Start of Supplied entries
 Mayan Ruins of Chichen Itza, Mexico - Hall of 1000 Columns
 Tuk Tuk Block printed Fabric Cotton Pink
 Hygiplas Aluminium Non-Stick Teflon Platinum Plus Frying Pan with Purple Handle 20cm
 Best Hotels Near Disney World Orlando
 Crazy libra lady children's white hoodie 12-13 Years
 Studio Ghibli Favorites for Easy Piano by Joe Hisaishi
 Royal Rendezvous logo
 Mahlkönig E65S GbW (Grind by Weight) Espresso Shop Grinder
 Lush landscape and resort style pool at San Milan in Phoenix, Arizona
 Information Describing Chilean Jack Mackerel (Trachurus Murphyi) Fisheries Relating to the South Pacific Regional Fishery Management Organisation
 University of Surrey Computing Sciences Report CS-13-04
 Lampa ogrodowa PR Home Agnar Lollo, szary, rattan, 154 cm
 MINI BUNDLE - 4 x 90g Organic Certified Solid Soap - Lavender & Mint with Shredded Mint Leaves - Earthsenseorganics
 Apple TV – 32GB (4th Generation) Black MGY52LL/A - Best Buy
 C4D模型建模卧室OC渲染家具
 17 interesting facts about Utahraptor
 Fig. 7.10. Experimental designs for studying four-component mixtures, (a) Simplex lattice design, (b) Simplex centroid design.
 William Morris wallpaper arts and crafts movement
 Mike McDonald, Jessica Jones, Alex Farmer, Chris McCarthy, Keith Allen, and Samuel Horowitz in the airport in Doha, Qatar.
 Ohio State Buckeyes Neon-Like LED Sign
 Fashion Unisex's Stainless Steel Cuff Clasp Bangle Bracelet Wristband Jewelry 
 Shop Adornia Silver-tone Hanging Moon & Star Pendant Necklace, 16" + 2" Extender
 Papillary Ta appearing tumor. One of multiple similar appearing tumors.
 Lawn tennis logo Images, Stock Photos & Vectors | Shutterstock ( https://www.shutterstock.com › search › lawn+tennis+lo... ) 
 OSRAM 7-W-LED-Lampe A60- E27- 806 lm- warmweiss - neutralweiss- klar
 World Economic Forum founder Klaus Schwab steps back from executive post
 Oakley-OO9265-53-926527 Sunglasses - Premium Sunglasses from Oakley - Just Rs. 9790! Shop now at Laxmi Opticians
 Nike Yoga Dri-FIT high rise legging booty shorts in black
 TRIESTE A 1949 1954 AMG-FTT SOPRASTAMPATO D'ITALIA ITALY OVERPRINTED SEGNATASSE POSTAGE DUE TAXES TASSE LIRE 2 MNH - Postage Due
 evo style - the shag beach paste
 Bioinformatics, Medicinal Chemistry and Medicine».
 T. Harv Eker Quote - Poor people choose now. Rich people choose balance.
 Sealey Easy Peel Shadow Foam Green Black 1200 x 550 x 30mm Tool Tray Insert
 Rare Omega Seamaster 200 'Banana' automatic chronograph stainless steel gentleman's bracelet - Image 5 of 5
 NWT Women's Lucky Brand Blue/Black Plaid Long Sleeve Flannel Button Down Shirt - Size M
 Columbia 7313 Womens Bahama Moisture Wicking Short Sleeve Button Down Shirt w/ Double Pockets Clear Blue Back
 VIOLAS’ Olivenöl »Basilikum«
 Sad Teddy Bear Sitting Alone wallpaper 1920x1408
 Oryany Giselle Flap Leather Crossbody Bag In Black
End of Supplied entries
- What you should do
If the string "logo" appears in a line of the entries, report the line.

- Response box
 Royal Rendezvous logo
 Lawn tennis logo Images, Stock Photos & Vectors | Shutterstock ( https://www.shutterstock.com › search › lawn+tennis+lo... ) 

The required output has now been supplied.